Capítulo 33
Hakan levantou a voz e chamou carinhosamente o nome de Fidelis.
— Fidelis!
— Hakan!
Foi quando Fidelis, que rapidamente iluminou seu rosto com um olhar assustado, correu diretamente para Hakan.
Hakan viu Fidelis desmoronar para frente sem poder fazer nada. O rosto de Hakan, que sorria até com os olhos inclinados, rapidamente se desfez.
Algo estava errado.
— Ahhhhhhhhhhhh!
Fidelis escorregou no sangue no chão e caiu na poça de sangue enquanto tentava fugir apressadamente para evitar o fantasma. O sangue encharcou seu rosto enquanto caía, e a poça de sangue foi rapidamente absorvida pelo pijama. O cheiro repugnante estimulou seu olfato.
— Por que isso está acontecendo comigo…?
Fidelis, que soluçava, se levantou e apertou os dentes. Em suas palmas, podia-se ver sangue e algumas feridas. Ela pegou a mão de Alvin e tentou escapar, mas hesitou quando viu sua mão, que estava cheia de sangue. Então Alvin de repente pegou sua mão.

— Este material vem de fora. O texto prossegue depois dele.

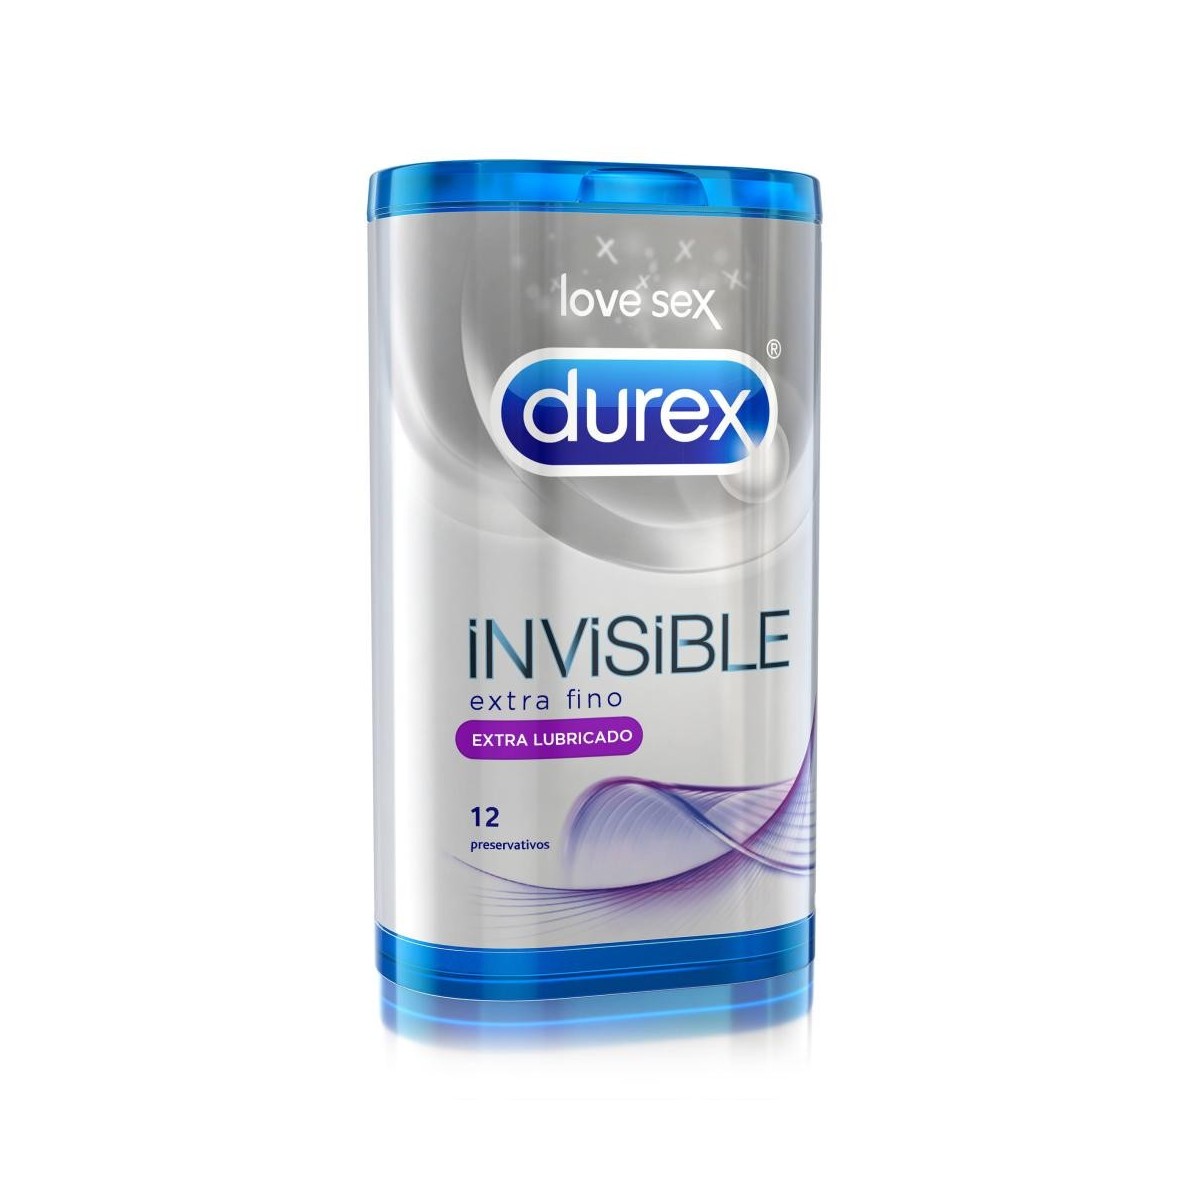 durex invisible extra lubricado 12 preservativos

— Va-vamos rápido, Fidelis!
— Sim, sim!
Apertando os pés que escorregavam no sangue, Fidelis e Alvin começaram a correr. Astin continuava correndo desesperado. Fidelis olhou para trás, depois sibilou e arrastou Alvin na direção oposta a Astin.
— Uh, o quê?
— É hora! Vamos nos livrar desse cara!
— Você é a irmã da minha mestra, claro!
— Vou tomar isso como um elogio.
— Você está certa, é um elogio!
Fidelis sorriu levemente enquanto Alvin sorria. Então viu os sinais de Alvin.
— O quê?
Quando a ferida Fidelis perguntou com um olhar desanimado, Alvin apontou para o rosto dela. Só então ela tentou limpar o rosto com as mangas, mas como já estavam cobertas de sangue, parecia que não fazia sentido limpá-las. Sentiu pena porque até a jaqueta de Zion estava suja.
Fidelis se virou para ver em que direção o fantasma estava indo. Felizmente, o fantasma corria em direção a Astin. Ela apertou a mão de Alvin, escondendo-se no canto e respirando o mais leve possível.

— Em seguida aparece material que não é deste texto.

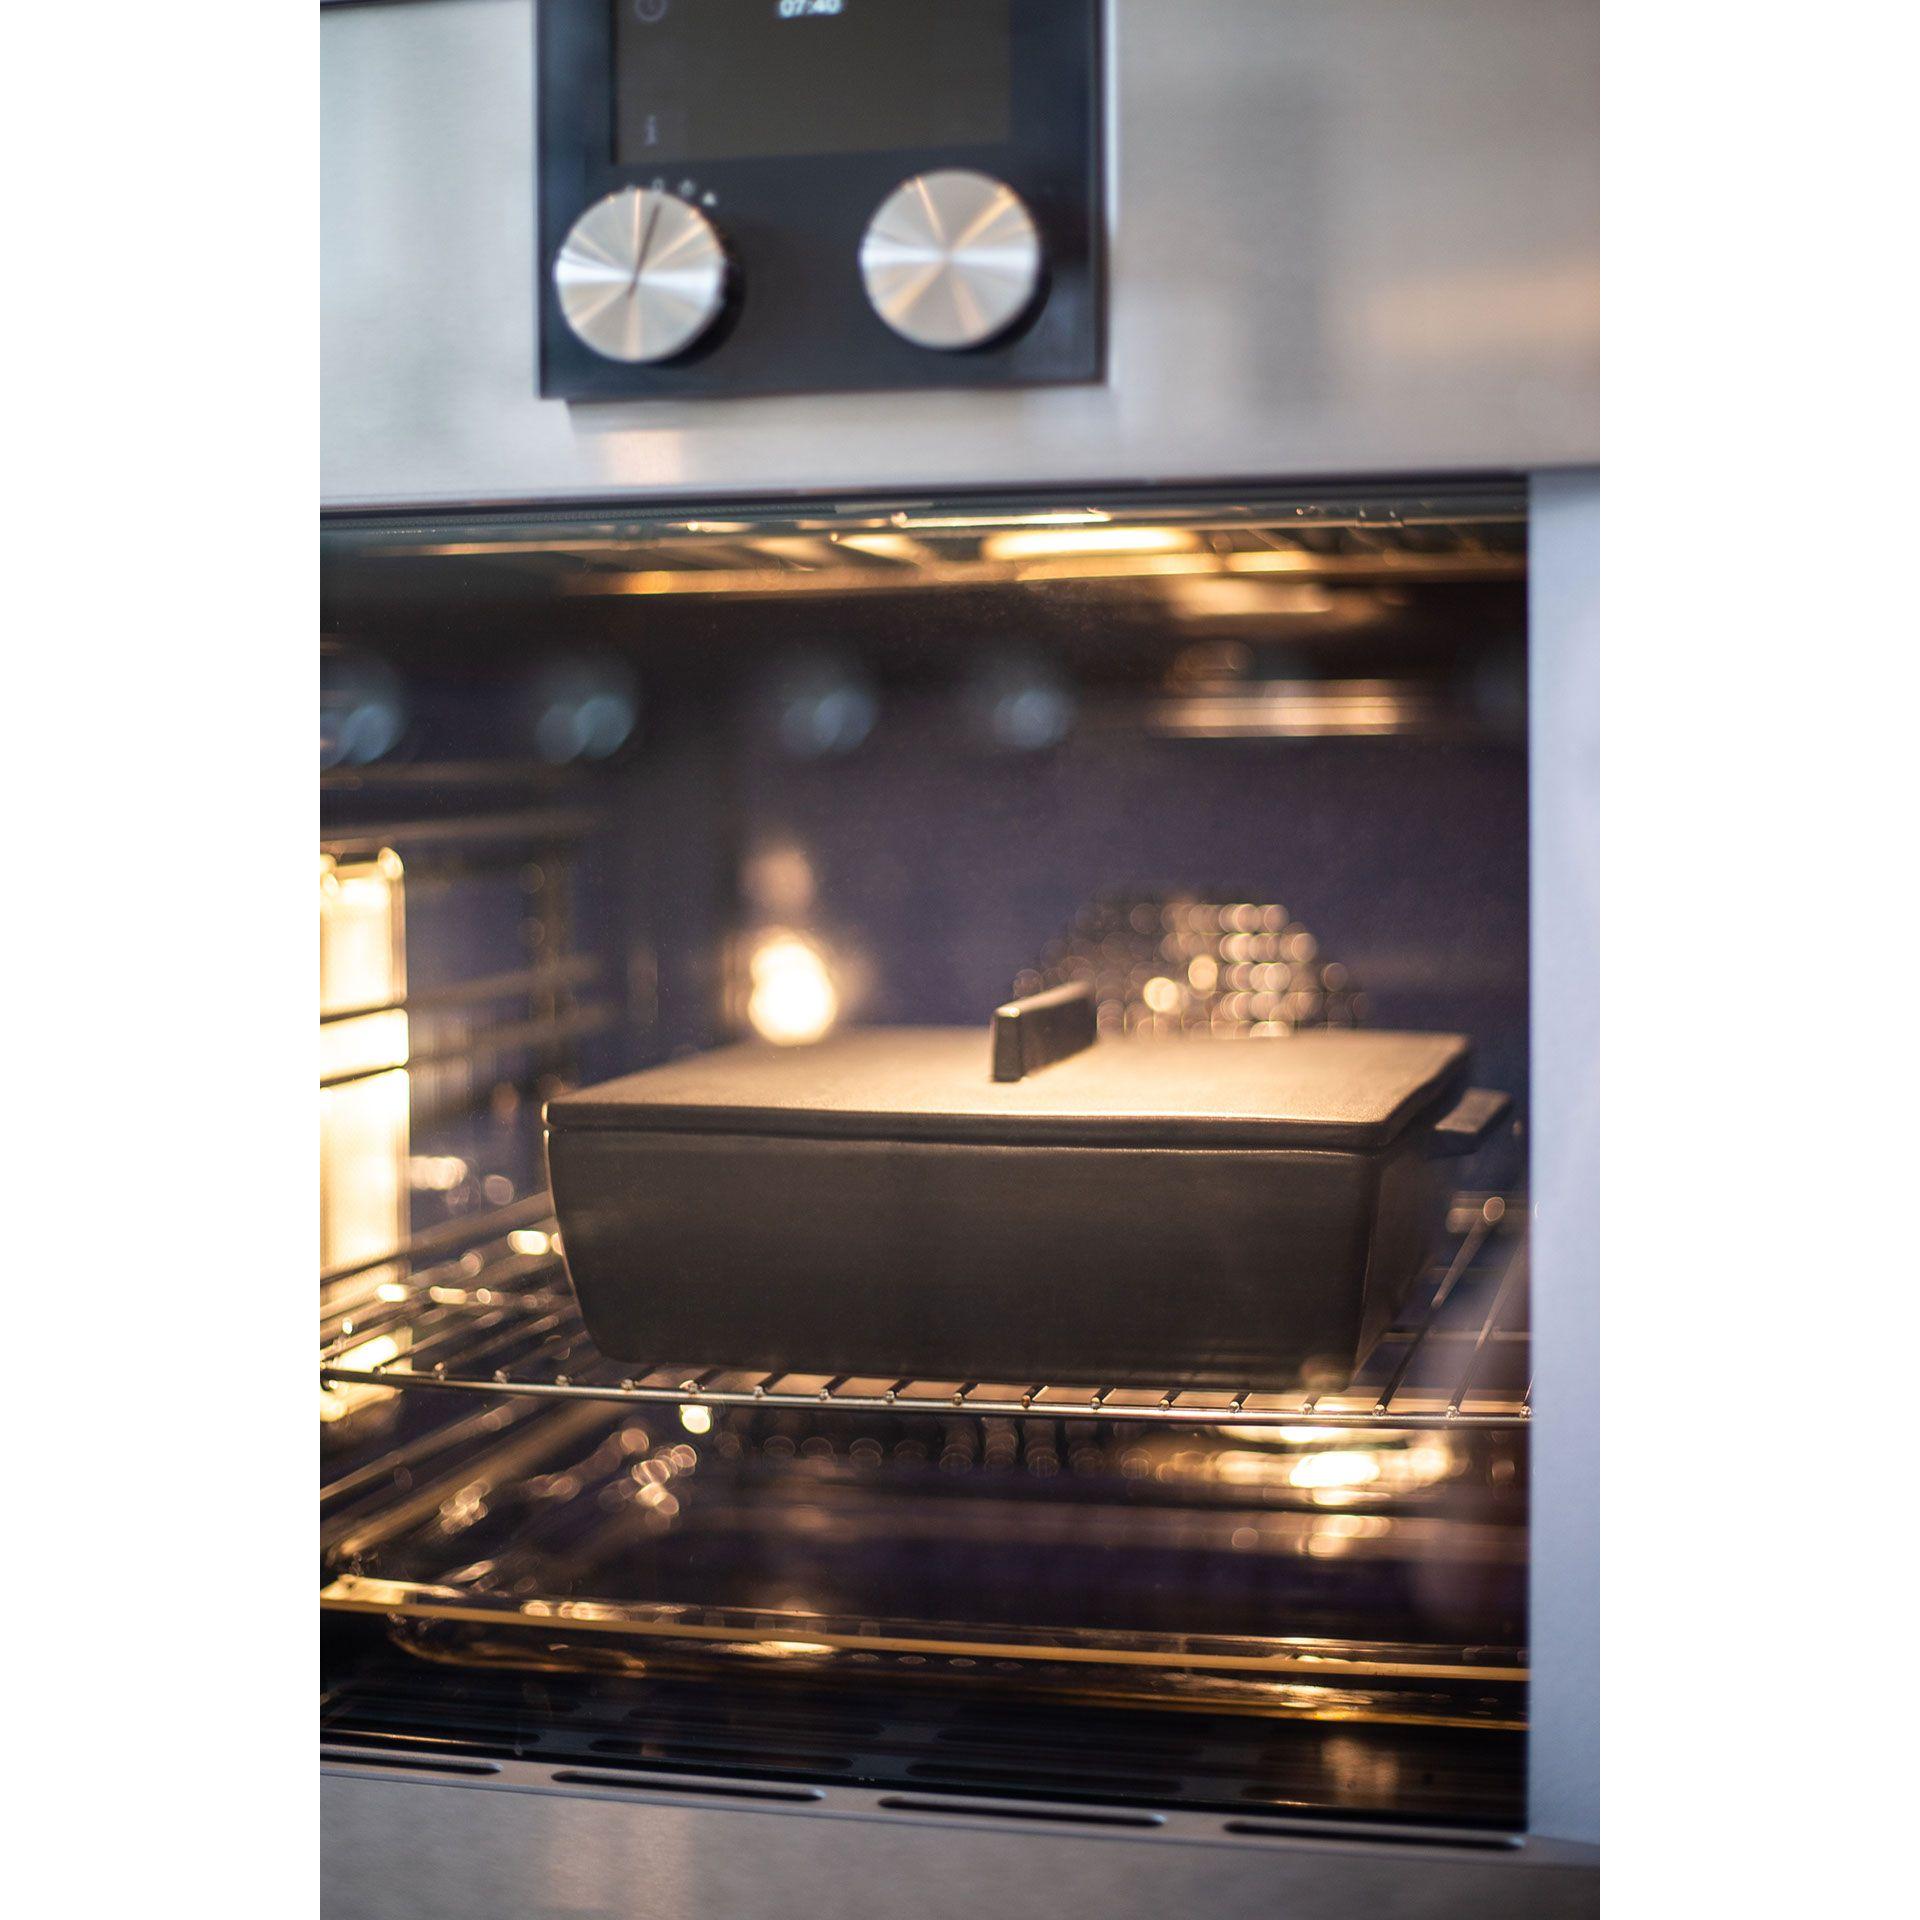 Dutchdeluxes Rechthoekige ovenschotel Keramisch medium, platina mat

Lembrou-se novamente das palavras do fantasma que viu antes.
[… chegue mais perto… está com medo?]
[Está com frio…?]
[O que você disse? Ha, ha, ha.]
Cada uma dessas palavras parecia com o que Sahra disse. Estava muito escuro e translúcido para olhar corretamente, mas o murmúrio do fantasma era certamente o que Sahra havia dito.
“Essa é Sahra, tenho certeza.”
Depois de ser brutalmente assassinada aqui, estava claro que ela também permaneceu aqui. Então o diabo poderia ter conhecimento sobre isso também.

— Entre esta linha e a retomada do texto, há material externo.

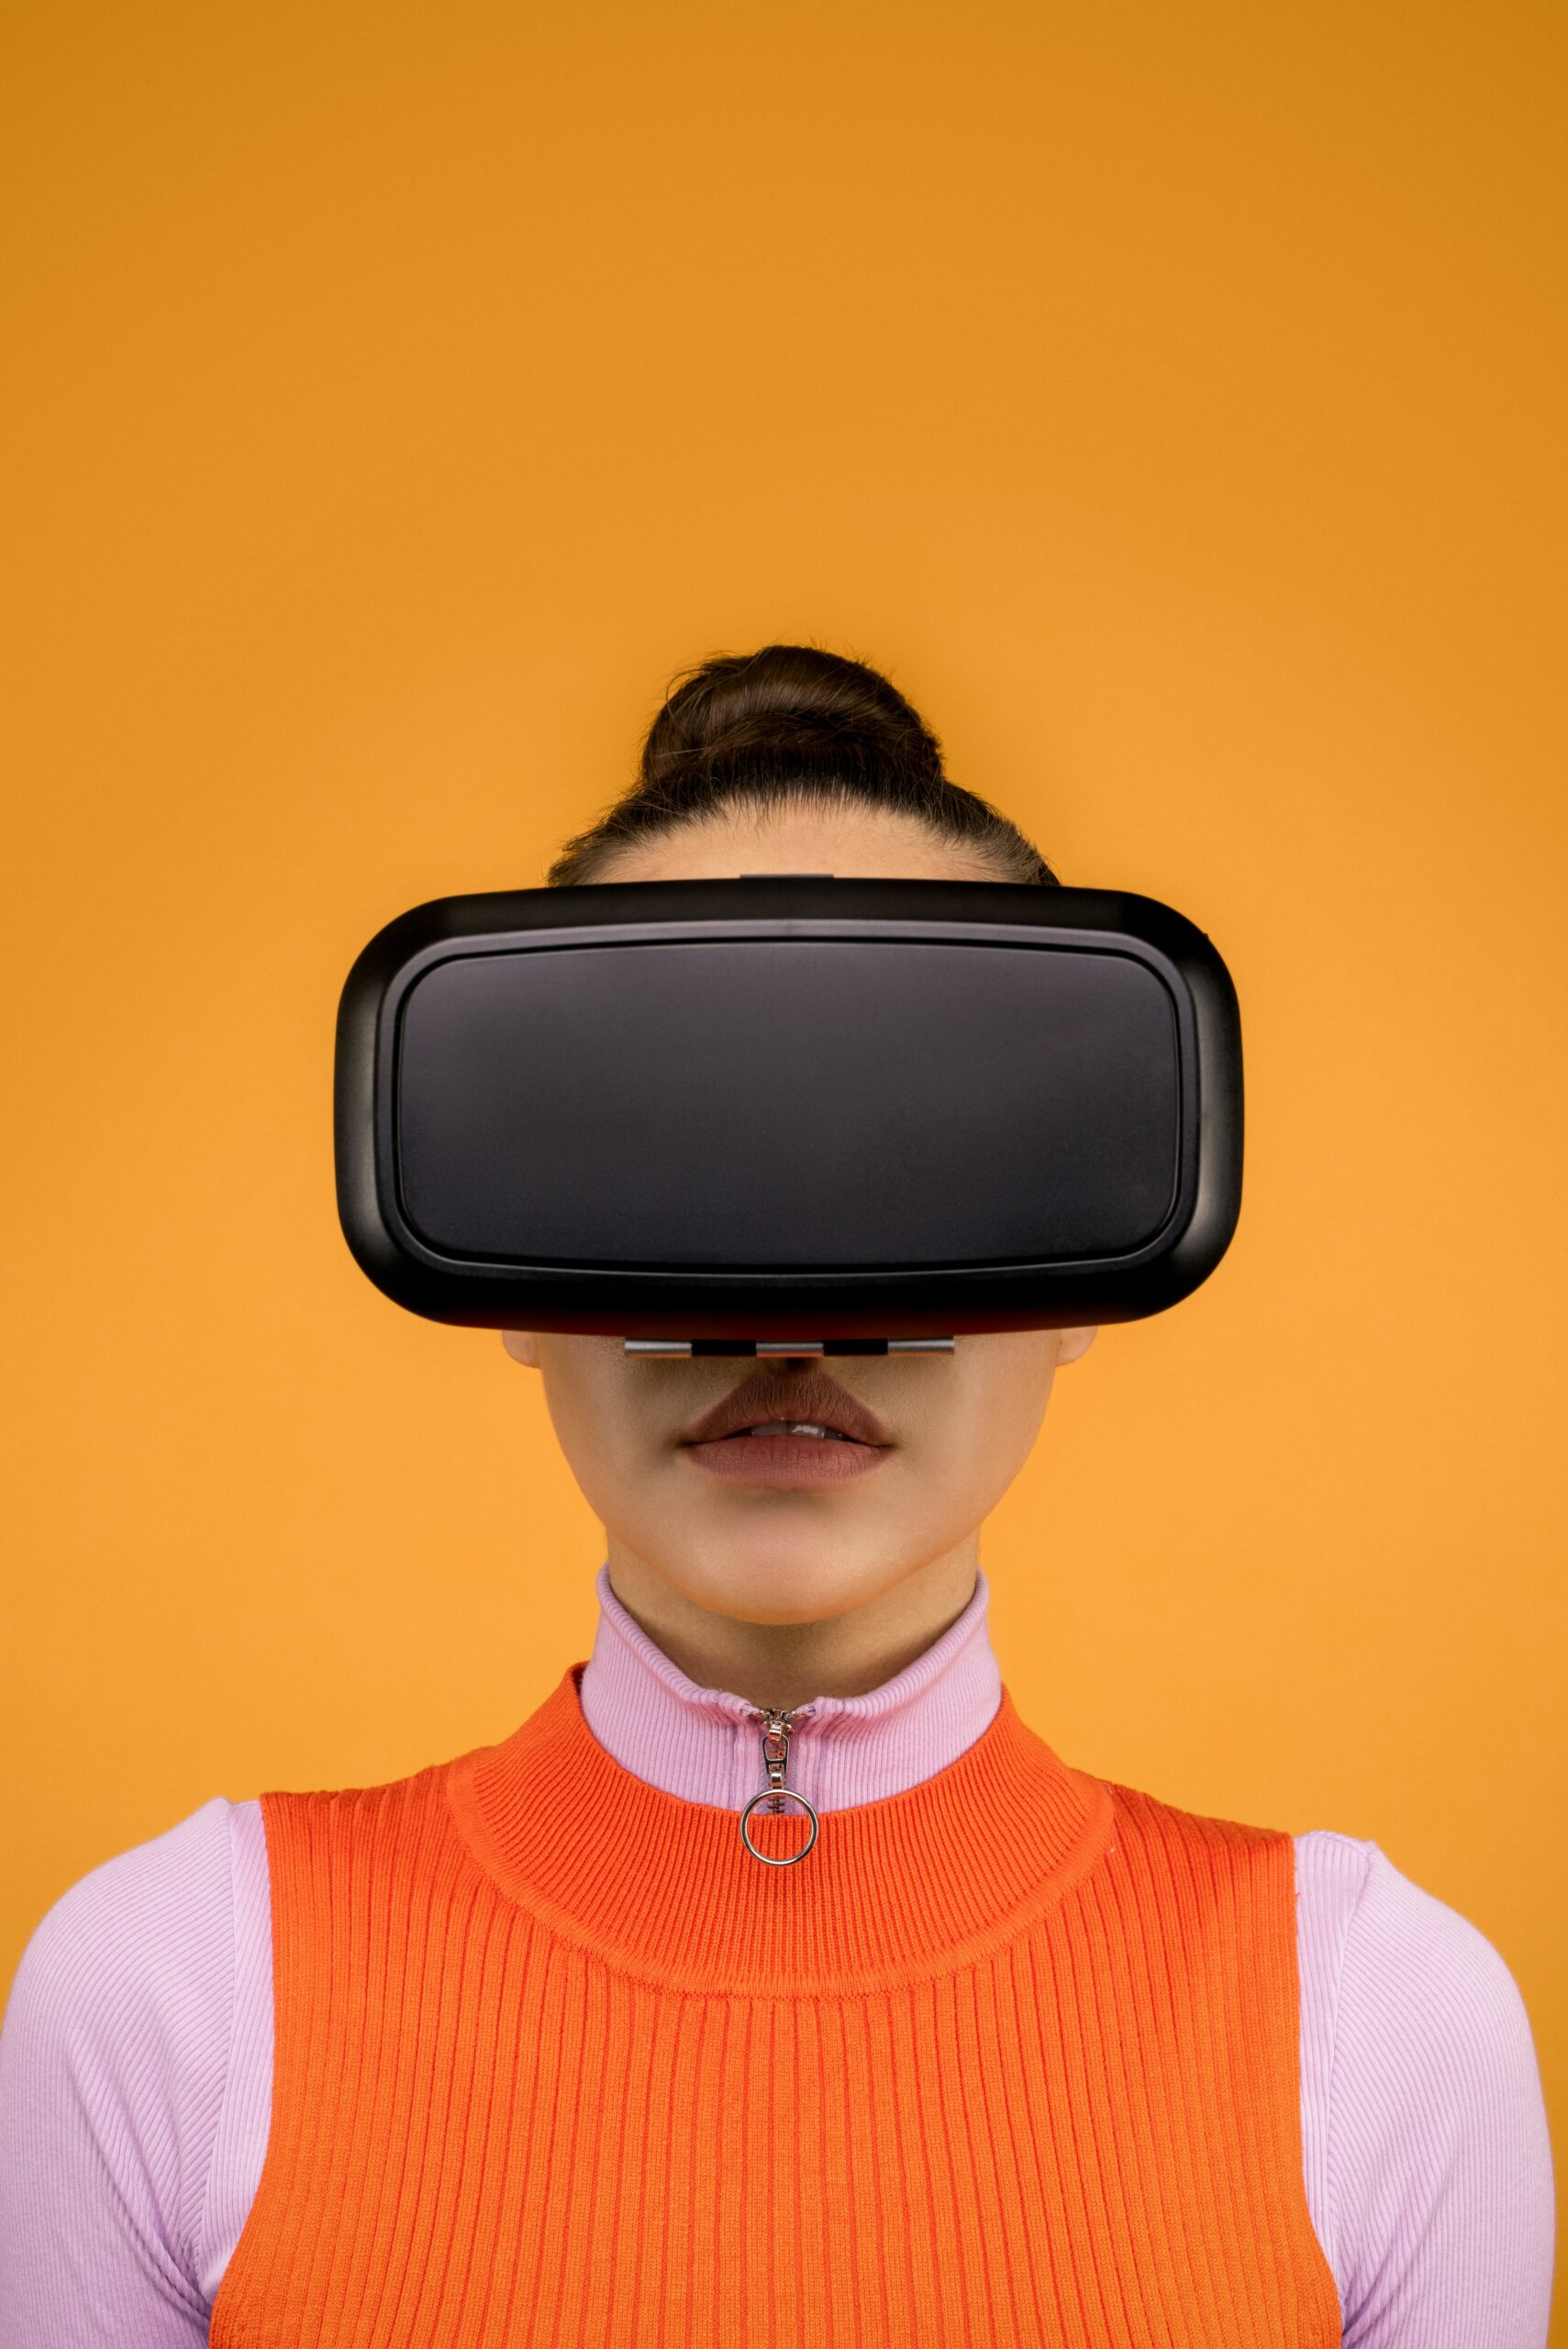  Femme casque réalité virtuelle

Agora ela não sentia nenhuma simpatia pelo diabo que perdeu Rasna. Até seu afeto por Rasna começou a parecer uma mentira.
Ele realmente estava tentando arruiná-la, como já havia dito. Por isso estava usando Beth para mantê-la longe de Hakan e Iseult, e para tornar tudo mais divertido.
— Ele está no caminho para que eu não termine o jogo.
Fidelis franziu a testa.
— Que jogo?
— …
Em vez de responder, Fidelis permaneceu em silêncio. Iseult e Hakan devem ter começado a suspeitar de algo. Então, quando se encontrassem novamente, ela teria que contar tudo. Só então poderiam resolver rapidamente a maldição da mansão mantendo o diabo sob controle.
No entanto, a forma de resolver a maldição exigia o sangue de Fidelis e Iseult, o sangue da família. Fidelis, que respirava pesadamente devido ao sangue que ainda formigava e do cheiro repugnante, logo arregalou os olhos.
— Ah! Já sei!
O sangue do retrato de Sahra, o sangue poderia pertencer a Sahra.
“Podemos usar isso? Se pudermos usar…”
Fidelis, sem perceber, começou a roer as unhas. O gosto metálico do sangue havia se infiltrado, mas ela estava perdida em seus pensamentos. Alvin ficou surpreso com a imagem de Fidelis que o lembrava de alguém. Iseult também tinha o hábito de roer as unhas quando estava profundamente perdida em pensamentos.
— Contanto que eu possa garantir que o sangue definitivamente seja dela…
Fidelis apertou os lábios diante do suspiro. Se a maldição não for quebrada depois de usá-lo para resolver a ela, Pecua poderia fazer algo pior. Mesmo que sua suposição estivesse correta, ela ainda não tinha ideia do que fazer.
— Fidelis?
— O quê?
— Você parecia tão séria que te chamei.
Fidelis sorriu para Alvin, que sorriu ternamente. Os dois, que se esconderam no canto para evitar o fantasma, se levantaram lentamente. Quando só podiam sentir o silêncio, começaram a caminhar novamente. Fidelis pensou em ver Hakan e Iseult novamente, mas pensou que Pecua faria algo para separá-los.
Precisava encontrar uma pista. Ou encontrar o salão que estava apontando na pista.
Antes de encontrar Hakan e seu grupo, também precisava saber como usar o sangue e se era o sangue de Sahra.
Caminhando de mãos dadas, os dois começaram a procurar nas salas.
— Oh? É uma nota!
Ela abriu apressadamente a nota, mas infelizmente, era uma pista com a frase que já conhecia.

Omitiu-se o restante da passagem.